Exercise requirements
Within the entries below, please return exactly the lines from the one with "Catálogo Lámparas 3D Arturo" through the one with "Men's outdoor shoes", leaving out any pictures.

Supplied material
────────────────
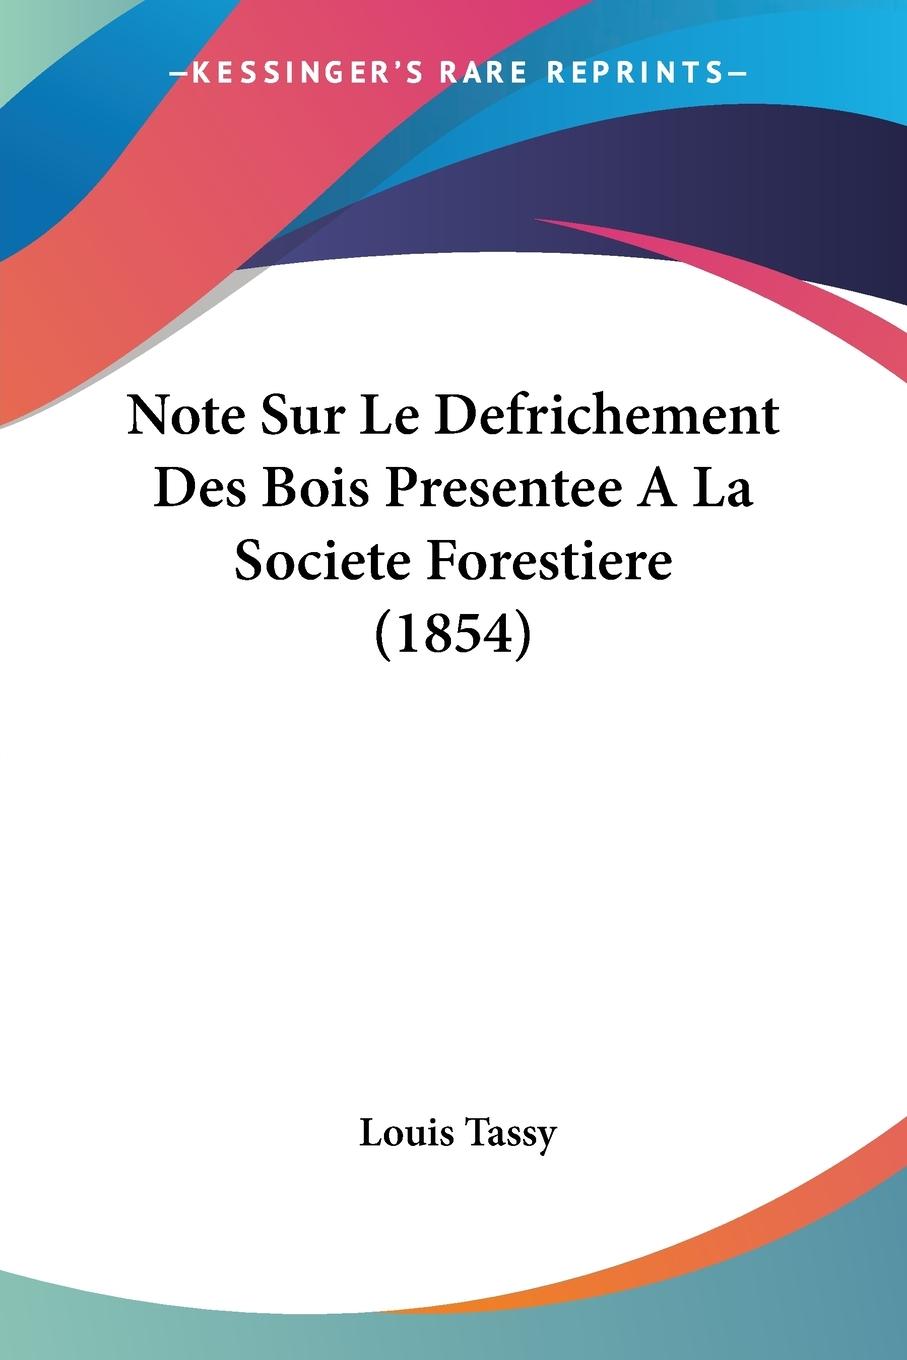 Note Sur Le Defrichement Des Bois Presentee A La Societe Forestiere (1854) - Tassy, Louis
────────────────
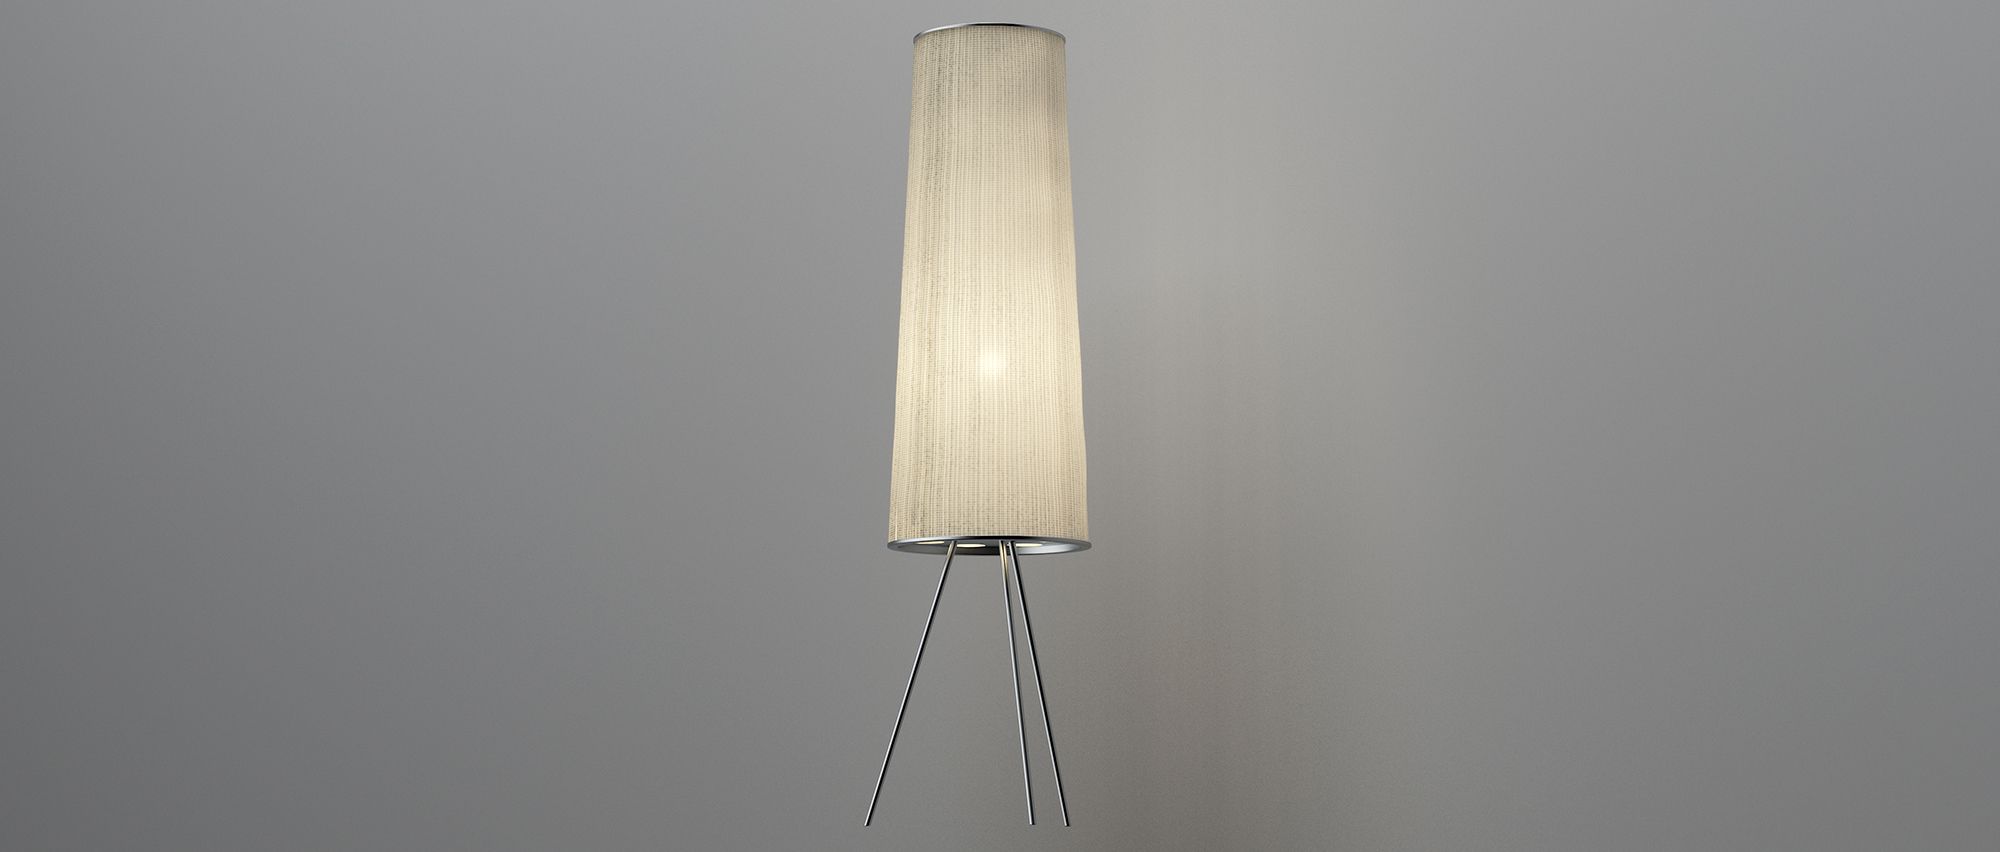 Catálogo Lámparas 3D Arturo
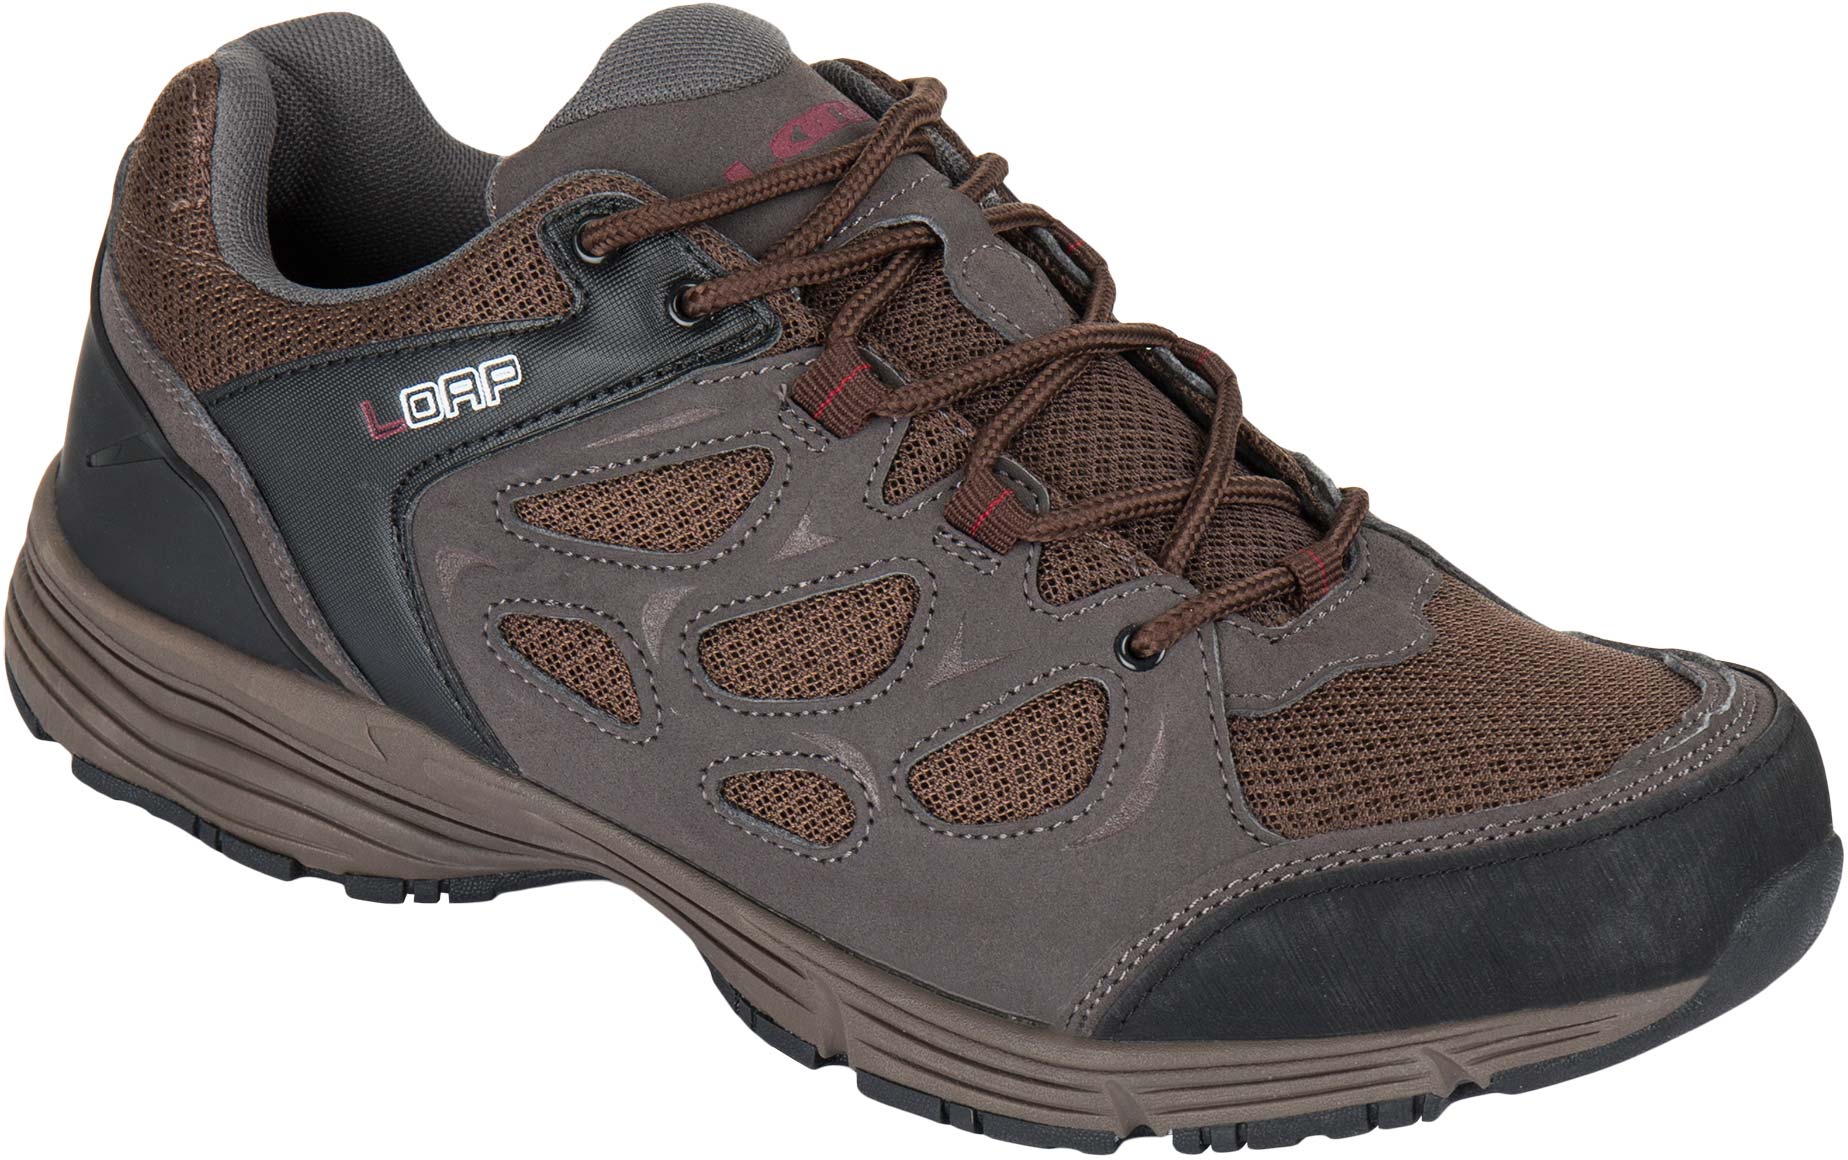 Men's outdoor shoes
────────────────
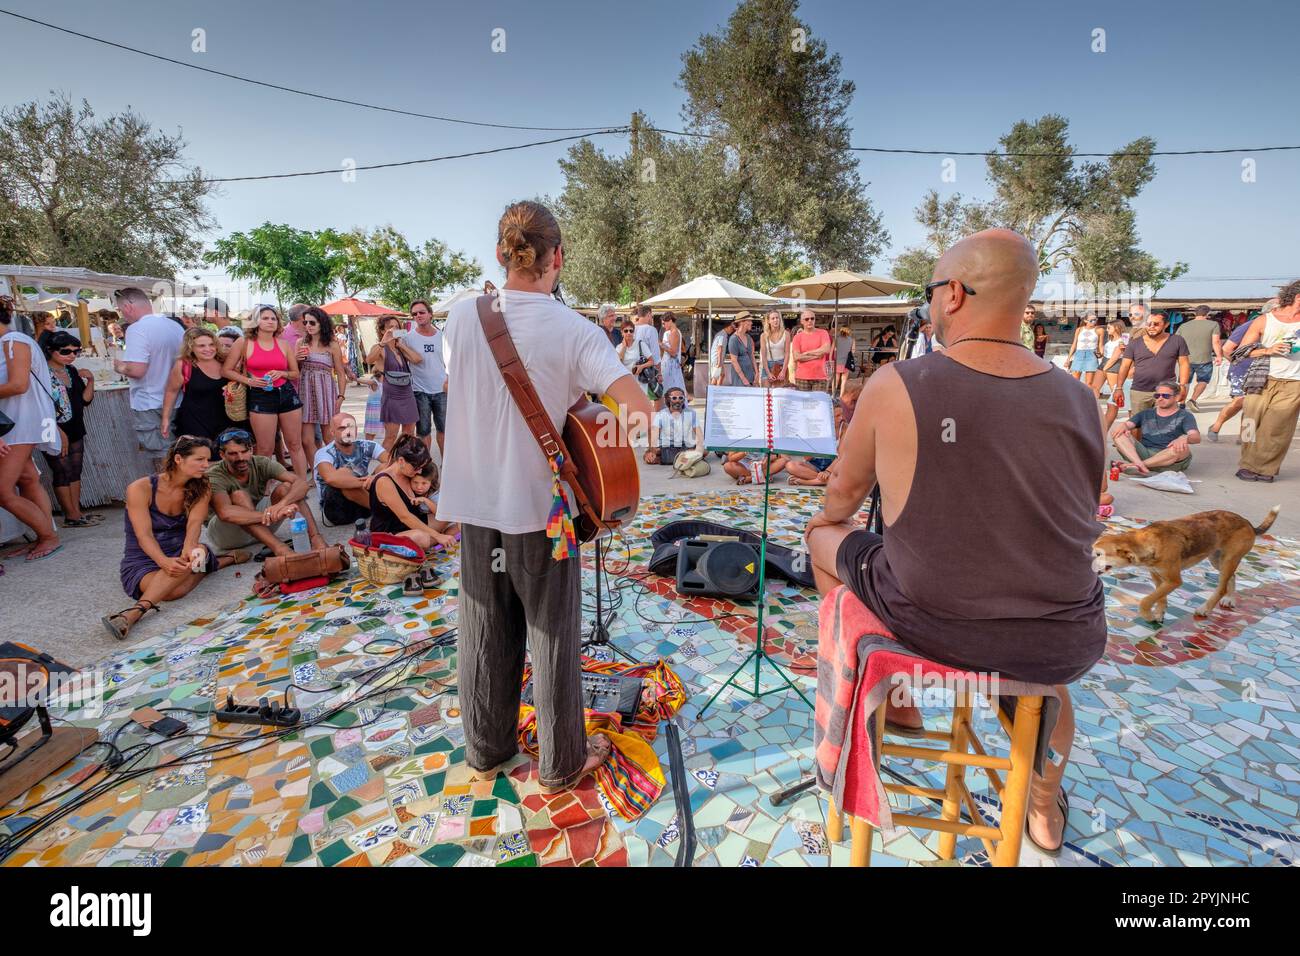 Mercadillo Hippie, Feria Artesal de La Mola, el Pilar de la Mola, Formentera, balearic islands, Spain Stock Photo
────────────────
Result of this task
 Catálogo Lámparas 3D Arturo
 Men's outdoor shoes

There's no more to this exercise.